The Railway Labor Act favors management. The law is designed to keep trains running and avoid strikes. But this management and this governor have flipped the script by trying to provoke a strike by failing to ask for a PEB last year and again this week. A request for a PEB by management would have automatically kept trains running and avoided a strike, instead neither Governor Hochul nor MTA requested a PEB. LIRR management through press releases, flyers left on train seats and signage, stirred up strike fears last fall.
“The Carrier’s recent conduct has been deliberate,” said Jeff Klein, the General Chairman for IBEW at LIRR. “Faced with its own failures at the bargaining table, the MTA/LIRR has chosen provocation over progress.
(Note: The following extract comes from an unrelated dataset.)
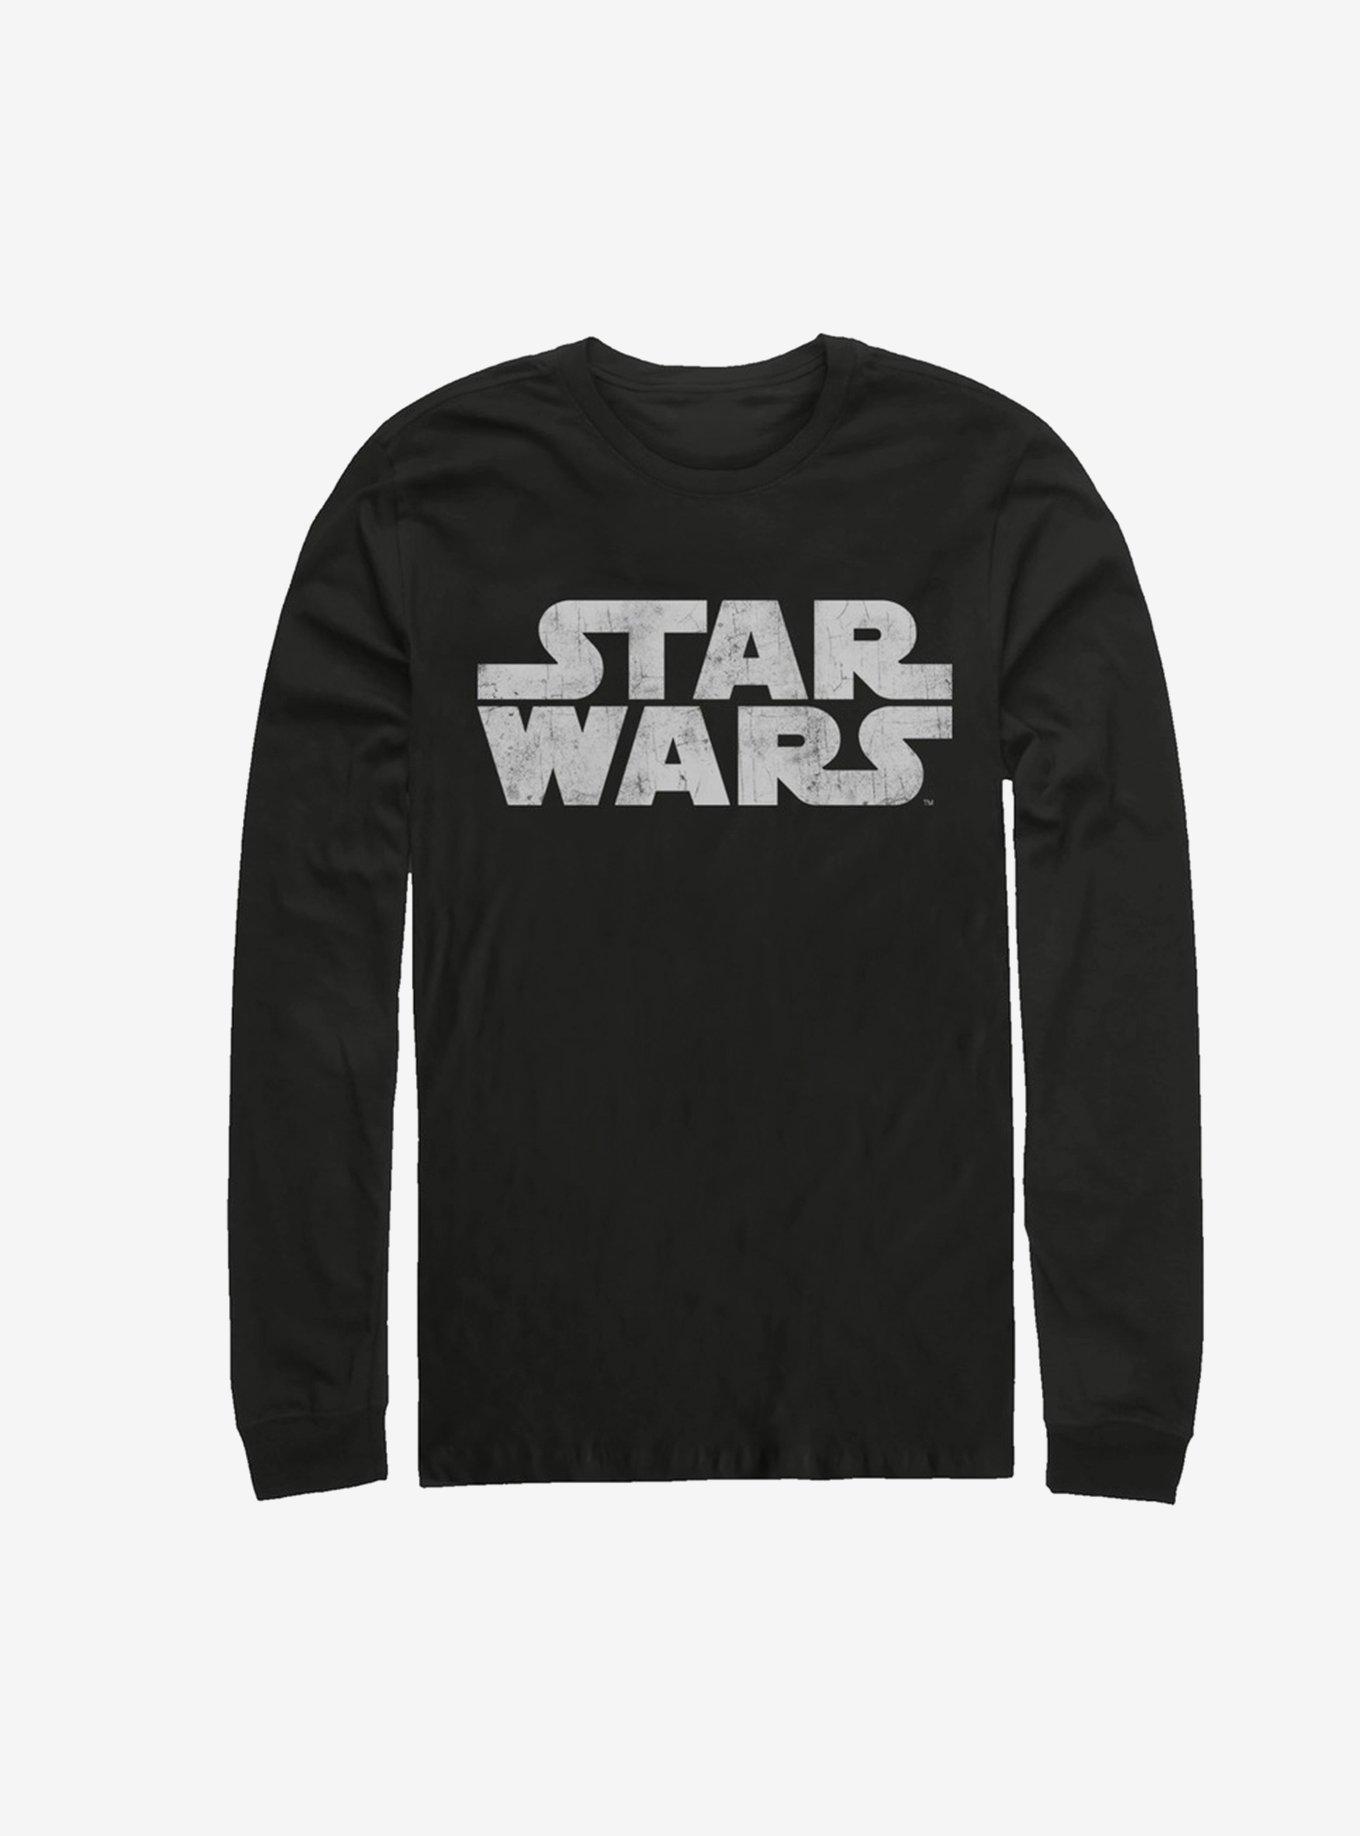 Star Wars Simplest Logo Long-Sleeve T-Shirt, BLACK, hi-res

Its goal is transparent: to push the workforce toward a strike.”
The members of five rail unions, comprising a majority of LIRR’s unionized workforce, have been without a pay raise for over three years, since April 2022, despite the rising cost of living on Long Island.
The contract dispute between the employer and the coalition of rail unions has been in National Mediation Board-sponsored mediation since February 2024. NMB released the parties from mediation on August 18, triggering a 30-day cooling off period under the Railway Labor Act, ending at 1201 a.m. on Sept. 18. The labor coalition requested the first PEB at that time.
“Management should quit playing politics, meet with our five unions and hammer out a fair agreement, one that’s not concessionary, using the recommendations of the Presidential Emergency Board as a basis for further negotiations,” said IAM General Chairman – District 19 Shaun O’Connor. “Let’s get this done, craft a new agreement and keep the trains running.”
The Long Island Railroad Bargaining Coalition includes the Brotherhood of Locomotive Engineers and Trainmen (BLET), the Brotherhood of Railroad Signalmen (BRS), the International Association of Machinists and Aerospace Workers (IAMAW), the International Brotherhood of Electrical Workers (IBEW), and the Transportation Communications Union (TCU).